Но к тестю меня не звали. Да и не полагается показываться на глаза человеку, о котором давным-давно сказано его дочерью, что он умер. Ну, умер и умер, не ехать же проверять сей факт. А метонимический – вот он, на стрелке озера Воймега Шатурского, по-моему, района Московской области – с т е р е г ё т его от браконьеров и на случай, если пожалует богатое московское начальство – половить щук; а больше, конечно, для сапропельщиков, которые развернули здесь свою скудную деятельность по заготовке компостов и удобрений. На берегу под хорошо переплетенными корневищами здоровенных деревьев я заметил жестянку с дождевыми червями, но показалось, что я унижу самый ритуал рыбной ловли, если сейчас сооружу удочку и этих червей изужу. И потом: я уж давно, как известно внимательному читателю, постановил не рыбачить в волжских водоемах и реках. Зачем же я ехал сюда на рыбалку, спросит внимательный читатель. А кто ему сказал, что я ехал на рыбалку? Я ехал п о д п р е д л о г о м рыбалки.
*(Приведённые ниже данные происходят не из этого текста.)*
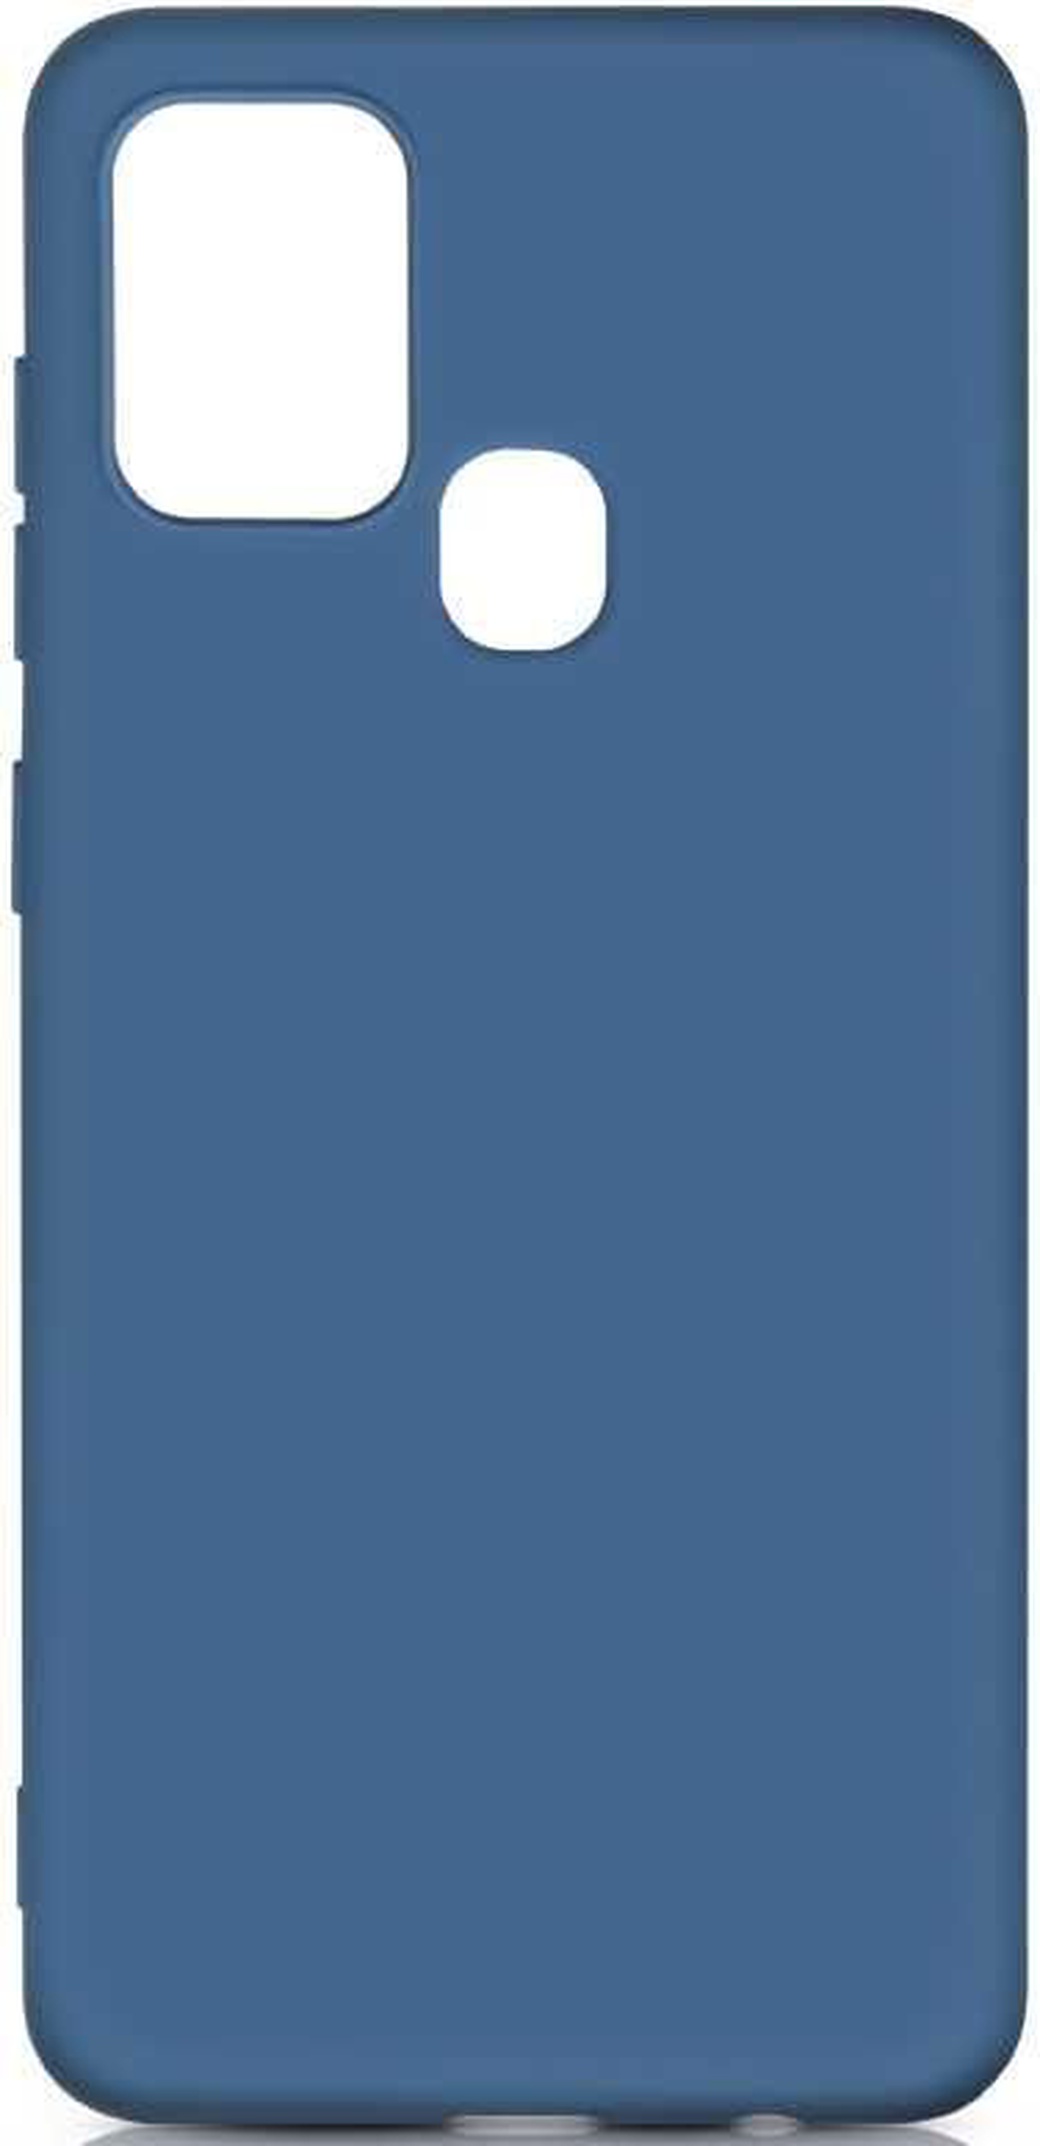 Чехол-накладка для Samsung (M315) Galaxy M31 синий, Microfiber Case, Borasco фото
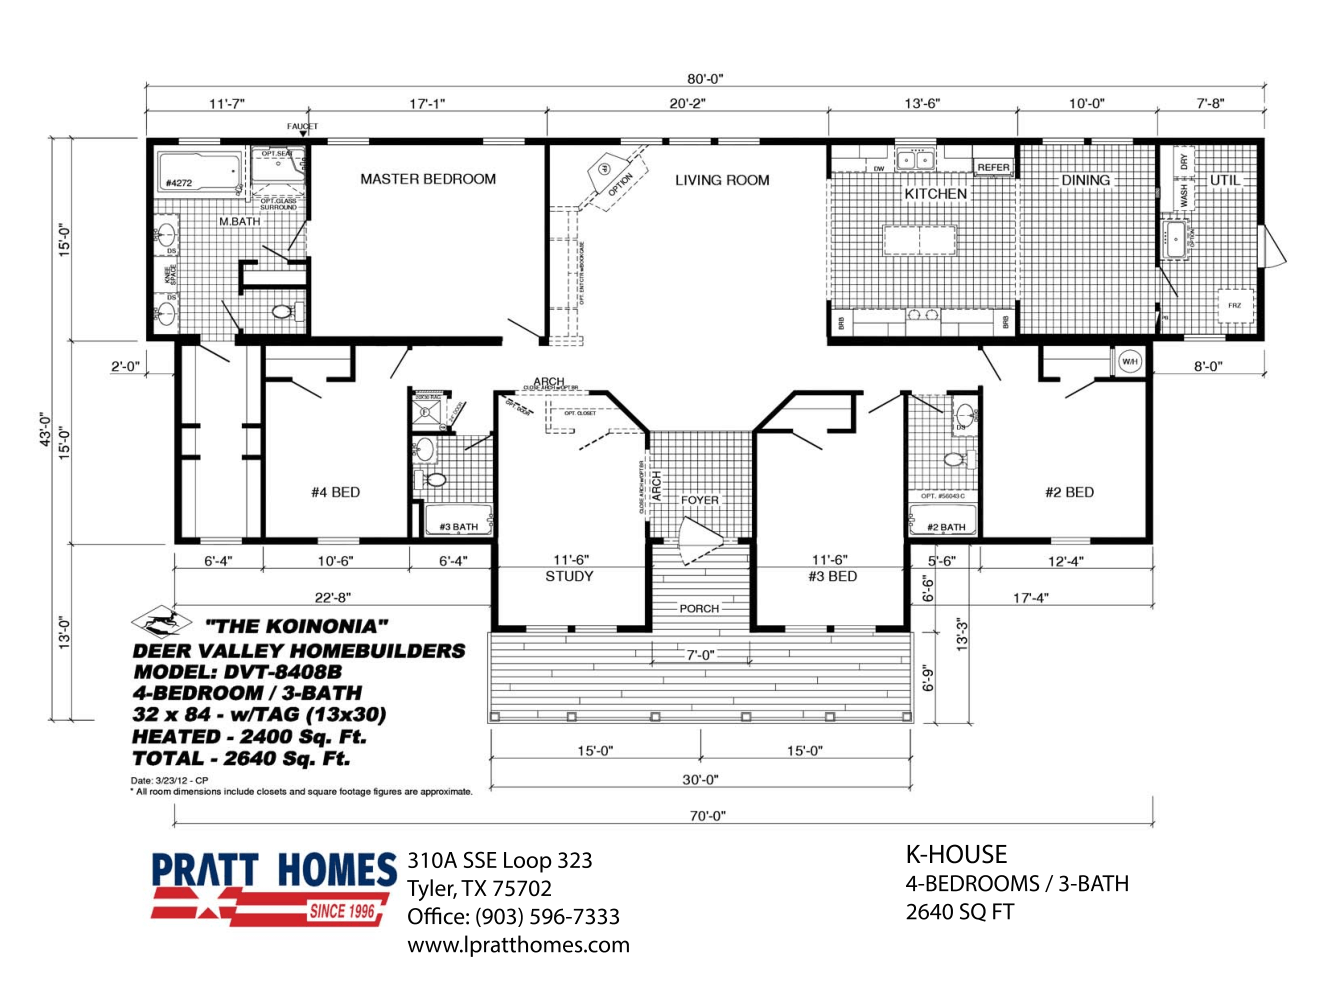 Floor Plan for house model K-House Pratt Homes, Tyler, Texas

Да я, может, и решился бы, будь я западным человеком, позлить этого невежу-сторожа, разложив на берегу костер и раскинув снасть, но я, увы, русский восточный человек, а на Востоке чтят родственников. Волны наскакивали на берег, как небольшие белые собаки, от катамарана веяло холодом крашеного железа, берега озера плотной каймой повсюду облегал лес, слоистые плоские тучи сползли к горизонту, как скорлупа с облупленного яйца, обнажив как раз над чашей озера аквамариновую прореху вечернего неба. Я дрог на ветру и прикидывал, что раз сегодня в Москву уже все равно не вернуться, завтра я отправлюсь странствовать и опять пешком. Имелись теплый свитер, сигареты, спички, нож, соль, несколько банок консервов, немного денег, просроченные служебные удостоверения (таскал, чтобы опознали при случае и чтобы контролеров общественного транспорта зря не дразнить), два пакетика растворимого кофе со сливками, термос с чаем, а главное – желание. А о н сидел за заподлицо врезанным окном нивелирно прямой кирпичной кладки точно в сейфе, а соседствовать, а тем более разговориться и задушевно полюбить друг друга нам не удавалось. Не удалось бы. Возможно, окажись на этом берегу за сотню лет до меня В.Г.Короленко, вы читали бы другую прозу.
– Ну, ладно, – сказал я возвратясь. – Раз вы говорите, и к утру не уляжется, а лодки не даете, то я, пожалуй, пойду…
– Какое уляжется, с ног валит. Вы бы, сами говорите, хоть в Белозерской вышли. А то эвон куда заехали. Здесь кругом топь, без сапогов-то, – с удовольствием, что избавляется от меня, подтвердил хозяин. – А народу здесь никого не будет до понедельника.
И он равнодушно уткнулся в книгу. Я поднял рюкзак за лямки, надел его на плечи, с завистью пса, которого гонят из мясной лавки, оглядел убогую обстановку и все еще пыхтящий чайник («Так и не пригласил побаловаться чайком, скотина!»), – и вышел за порог. Но уже за порогом, еще на ступенях его жилища, я позабыл о человеке, который так быстро понял, что от меня нечем поживиться. Уже за шлагбаумом началась прежняя счастливая жизнь. Спиной к вселенской дыре, меж шпалерами кудрявых, мелкооблиственных ив и берез я возвращался прямым путем без сожалений о неудаче и без малейших представлений о том, что случится в следующую минуту.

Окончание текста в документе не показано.